What you need to do:
All lines from the one bearing "3 PC C-CLAMP SET - 1 2 3" through the end of the data below must be printed exactly as they stand, with pictures removed.

Supplied data:
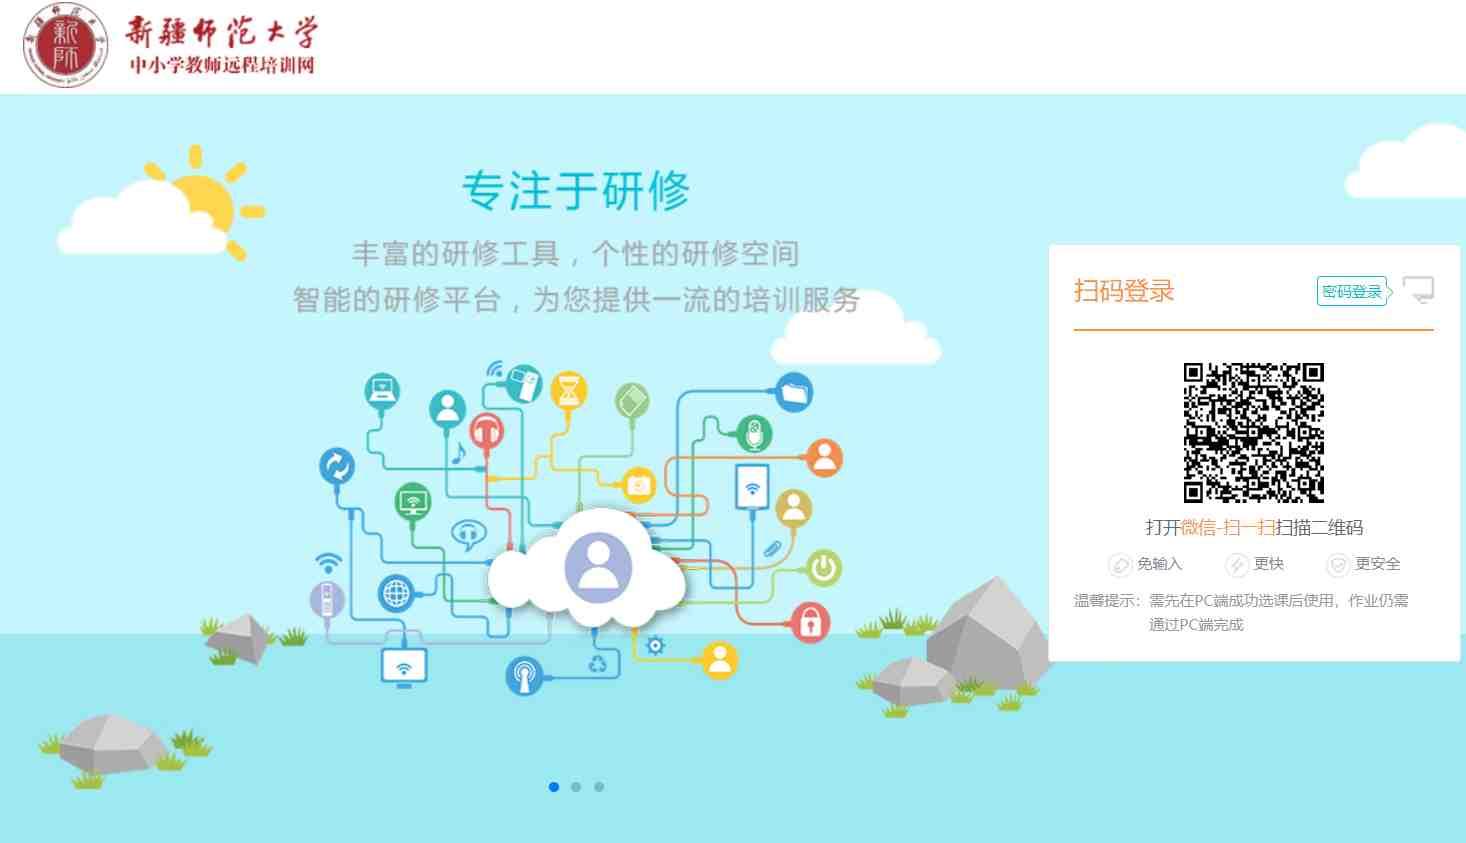 新疆师范大学中小学教师远程培训网代学
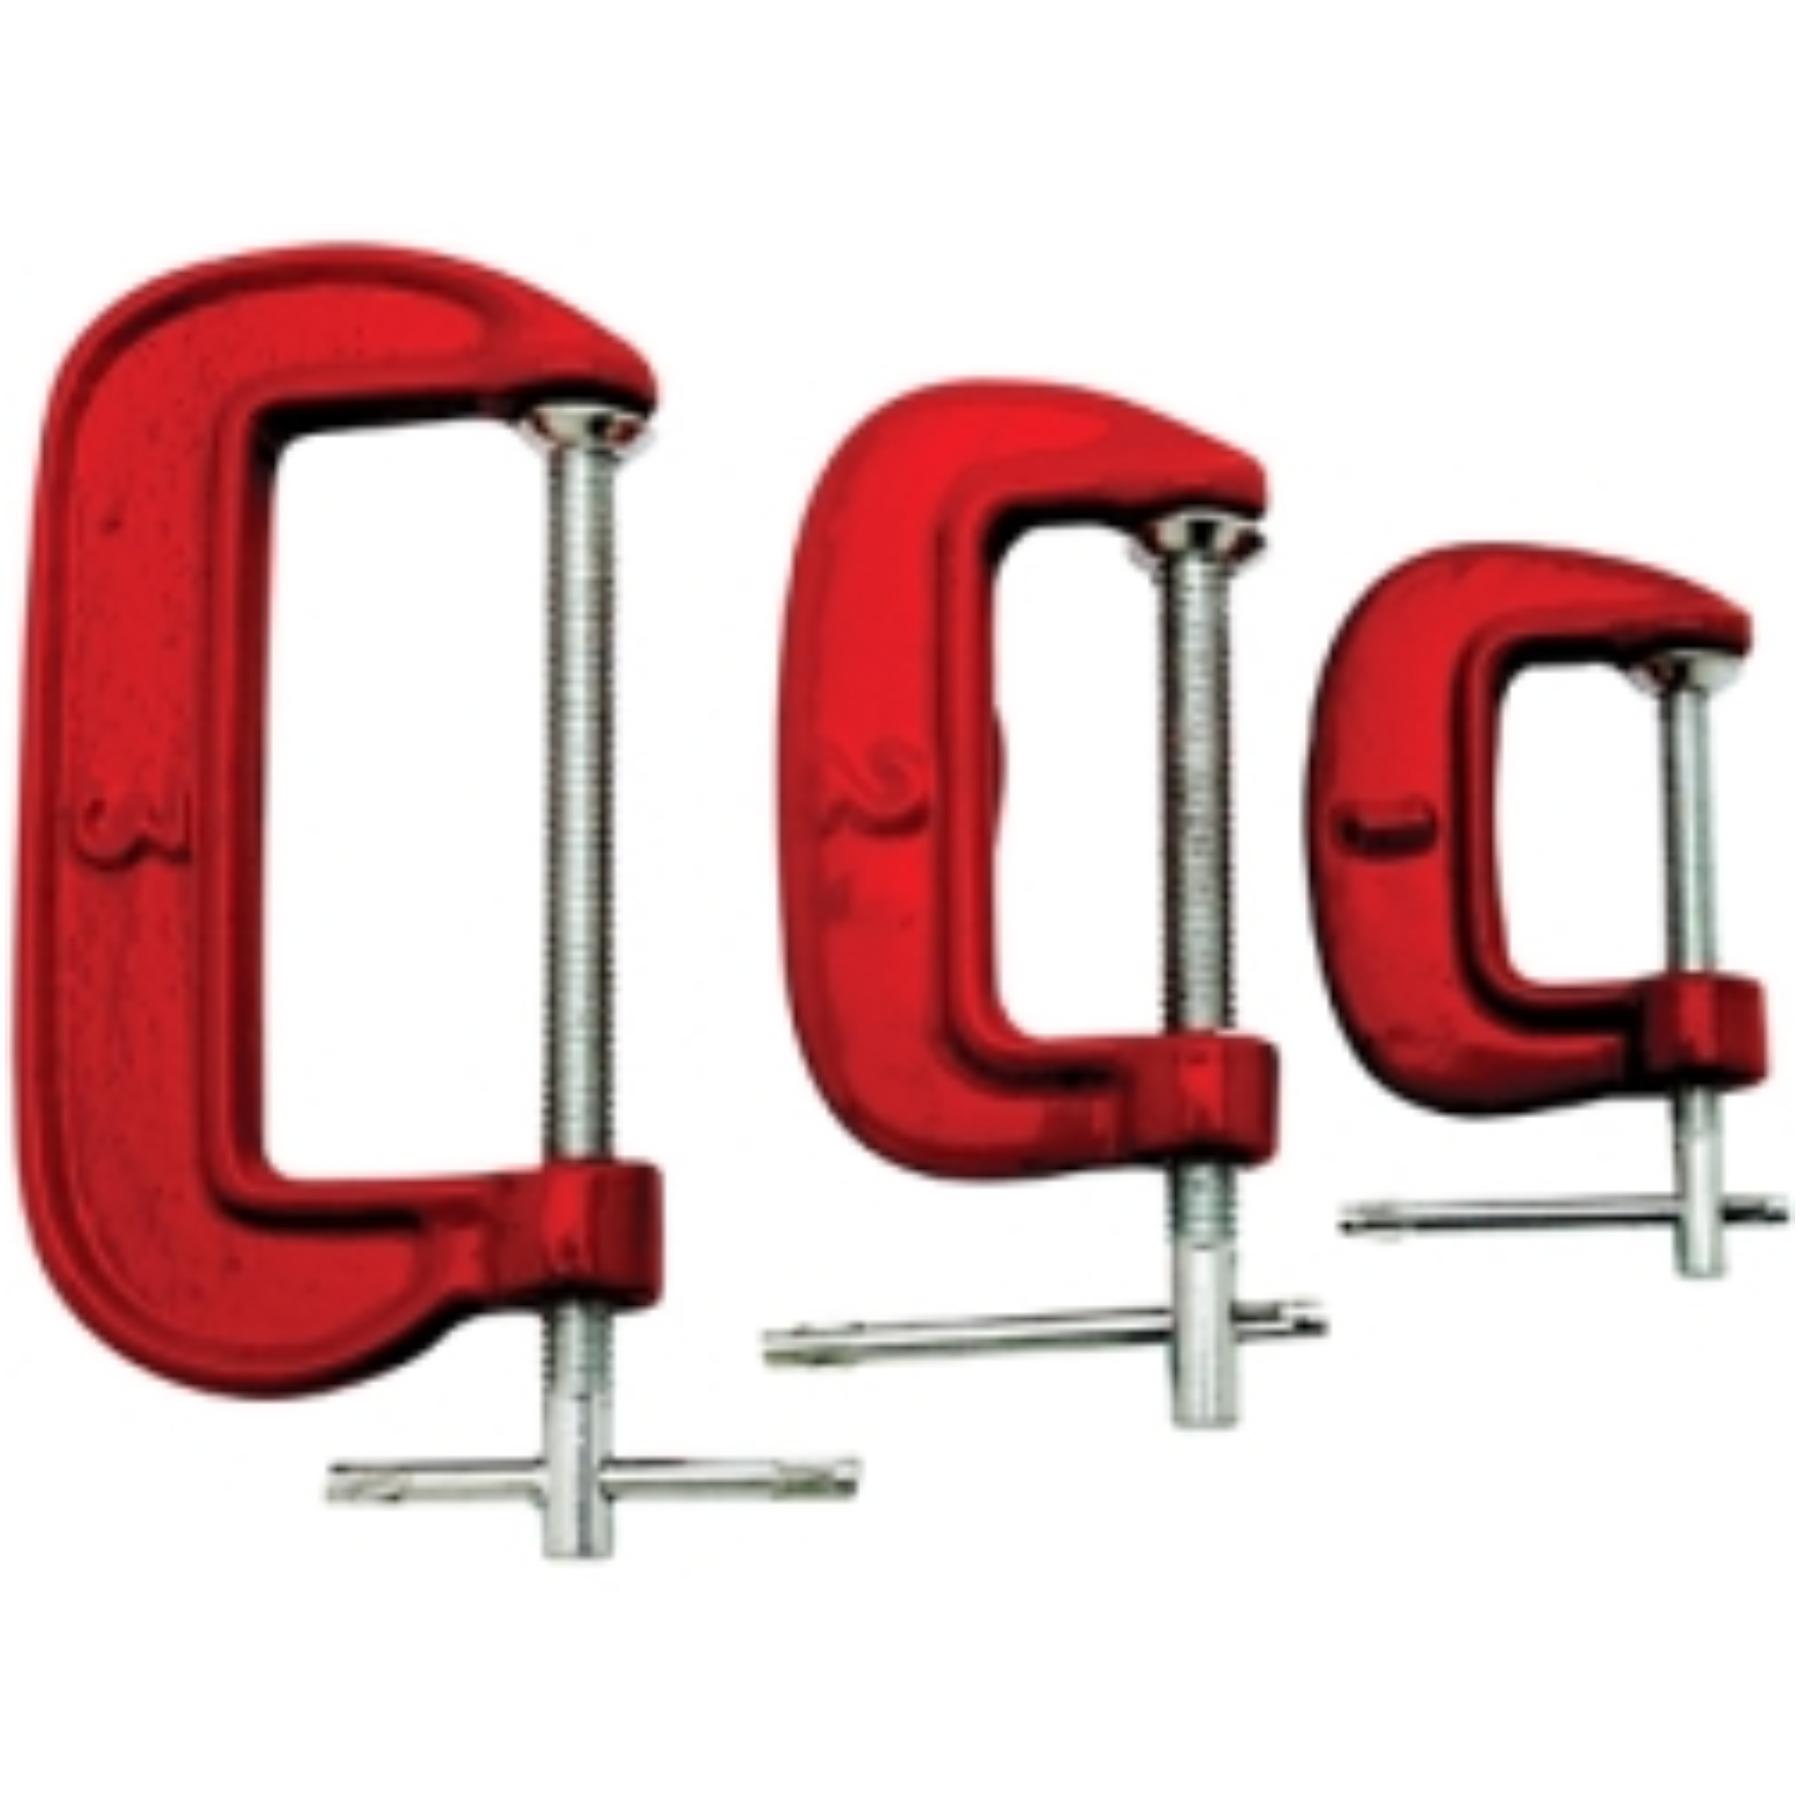 3 PC C-CLAMP SET - 1 2 3
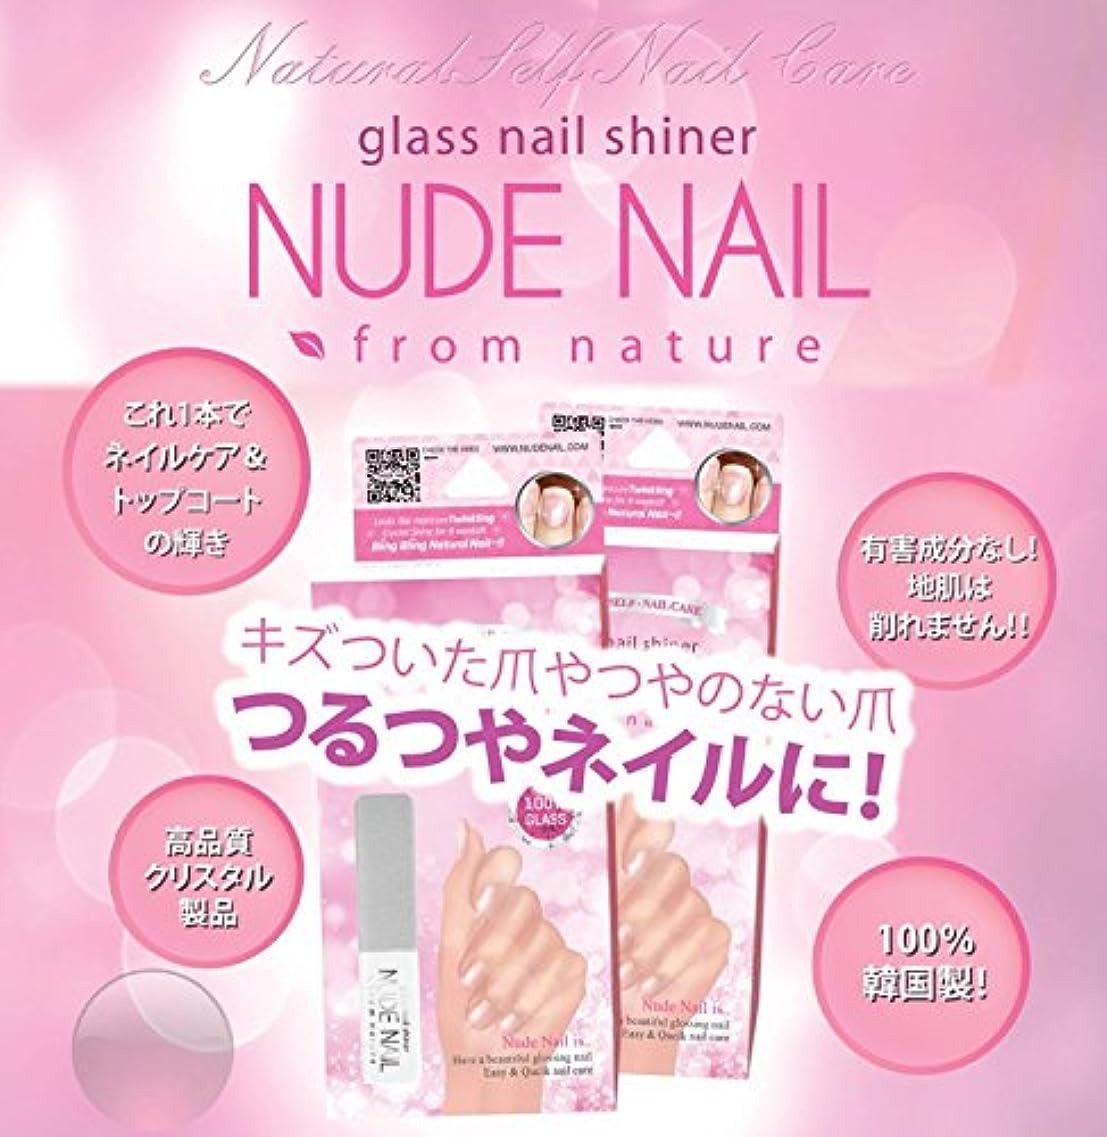 経営者高揚した進捗つるつやネイルに!ヌードネイル!NUDE NAIL!高品質クリスタル製品
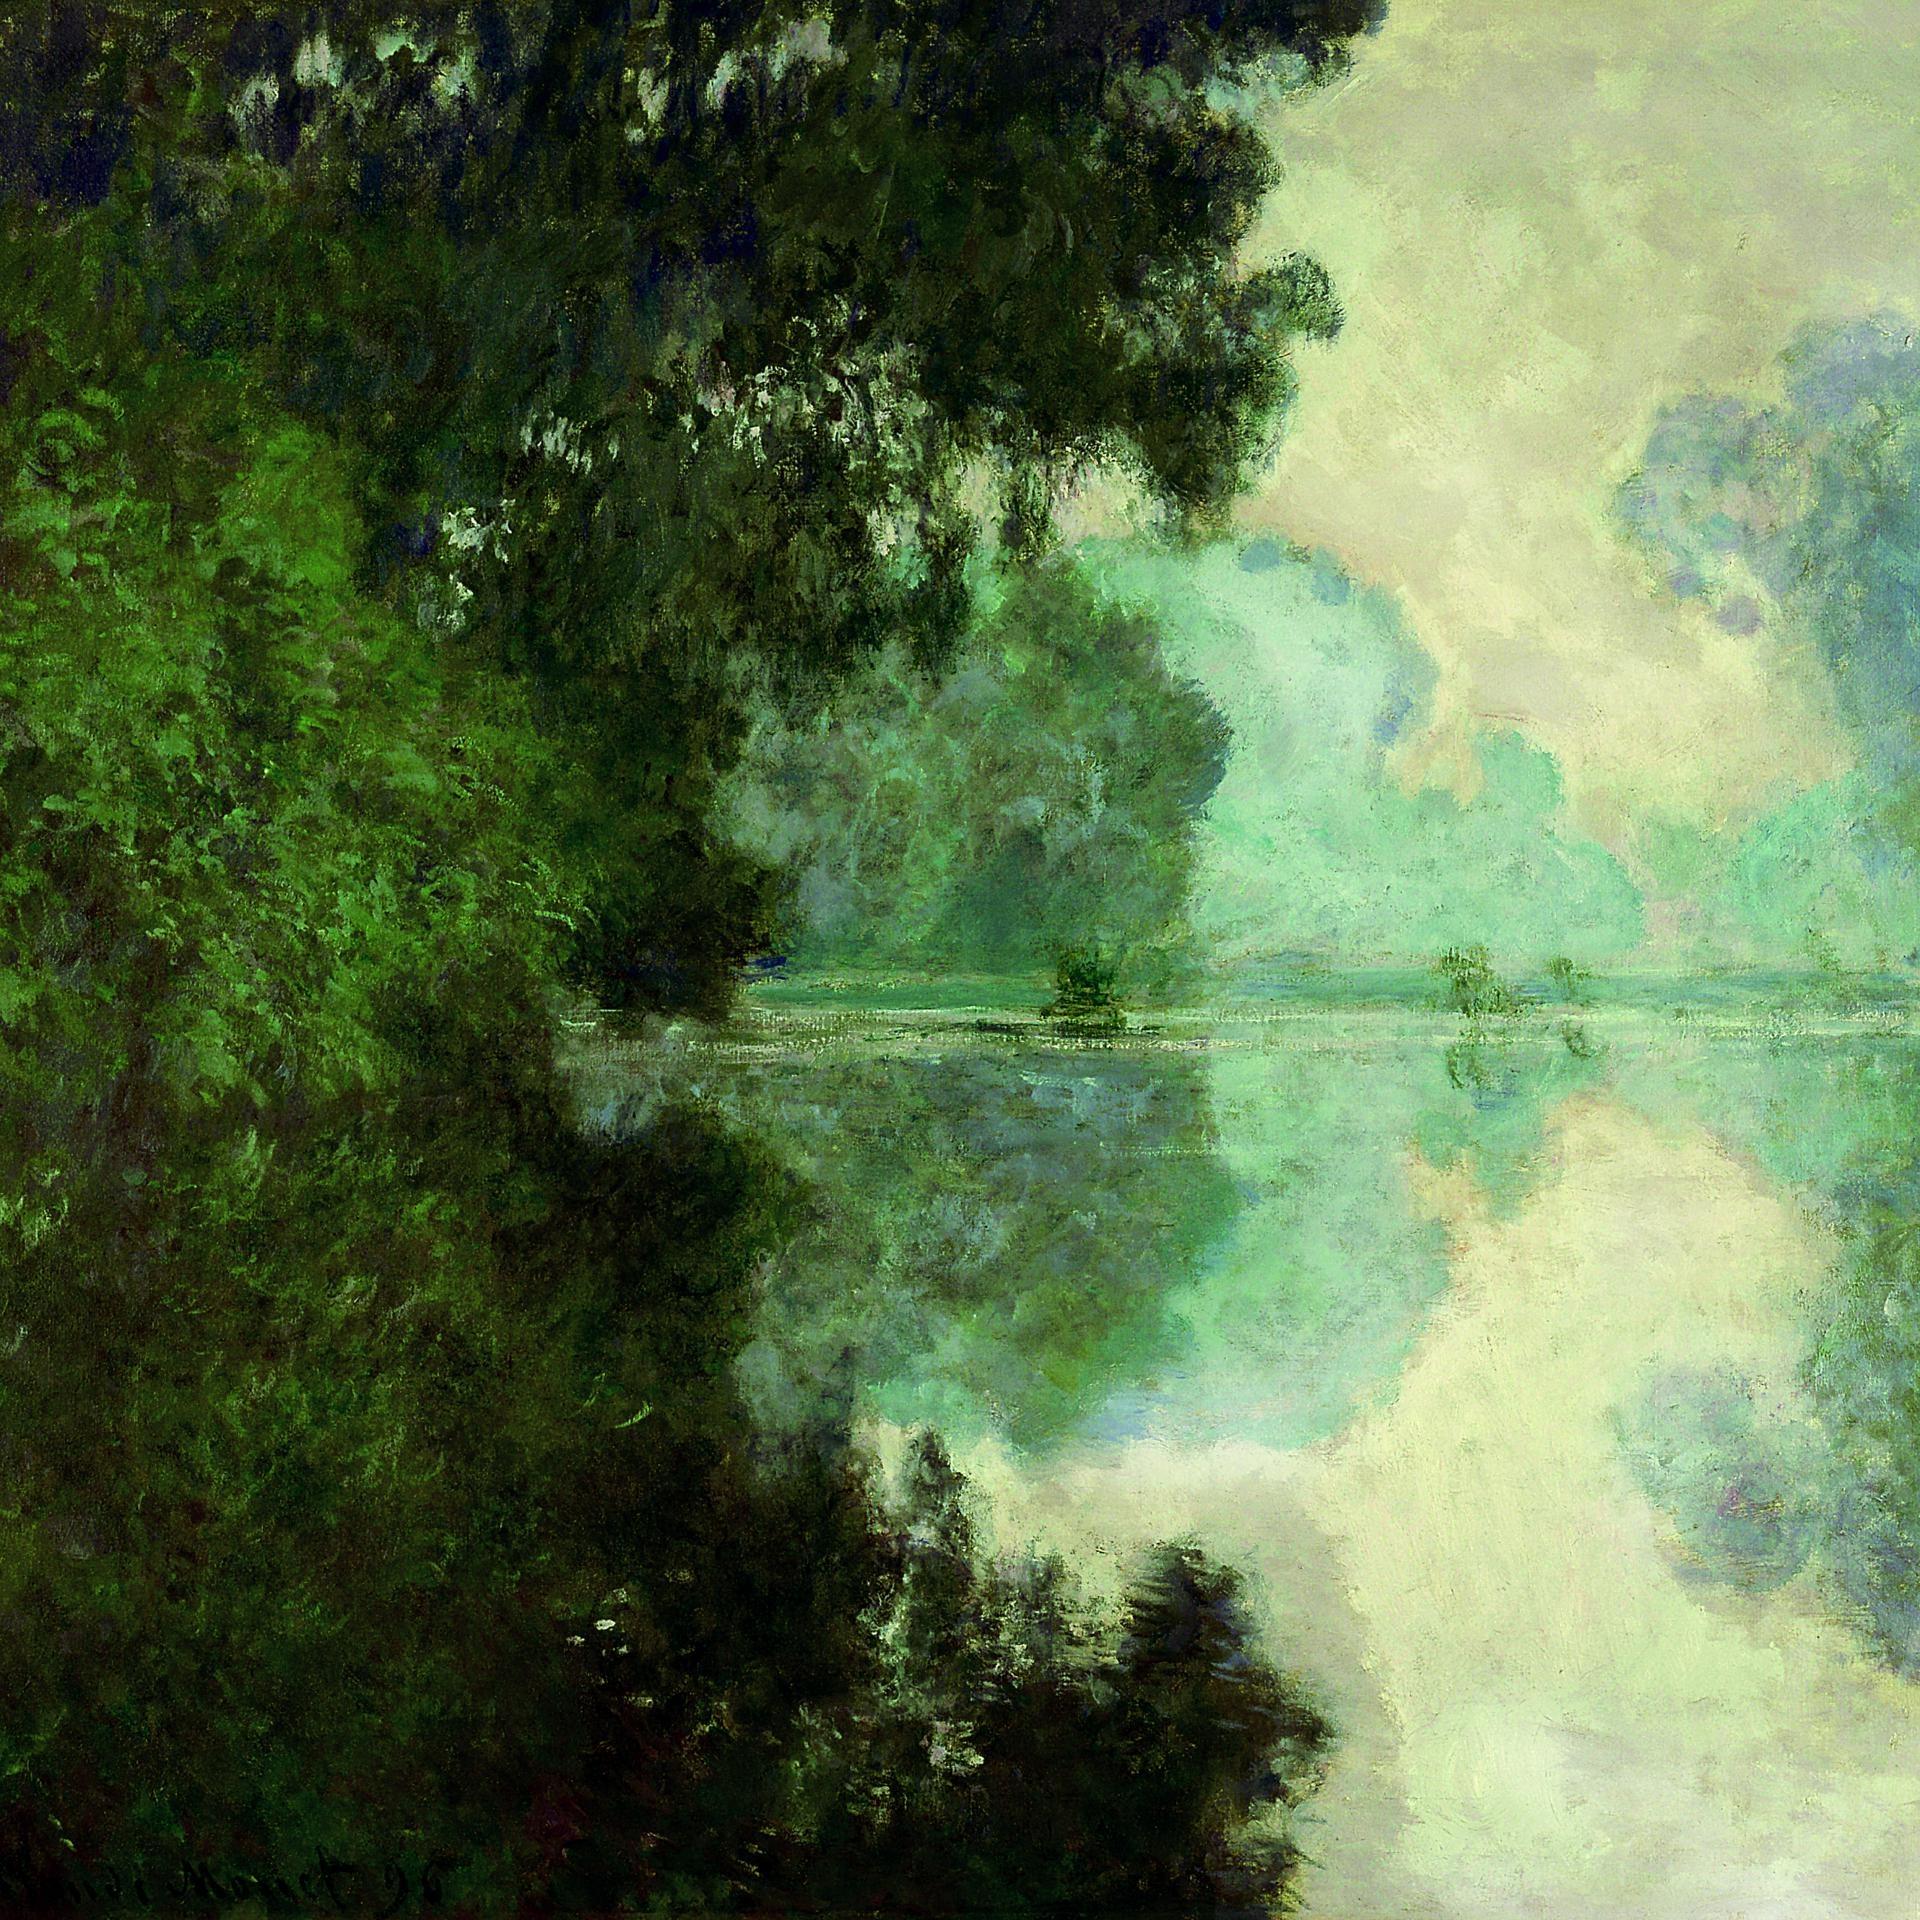 0016_莫奈_13莫奈-塞纳河畔2(80x80)-世界名画高清调色版套图20幅TIF_4724x4724PX_TIF_150DPI_66_0

Response box:
 3 PC C-CLAMP SET - 1 2 3
 経営者高揚した進捗つるつやネイルに!ヌードネイル!NUDE NAIL!高品質クリスタル製品
 0016_莫奈_13莫奈-塞纳河畔2(80x80)-世界名画高清调色版套图20幅TIF_4724x4724PX_TIF_150DPI_66_0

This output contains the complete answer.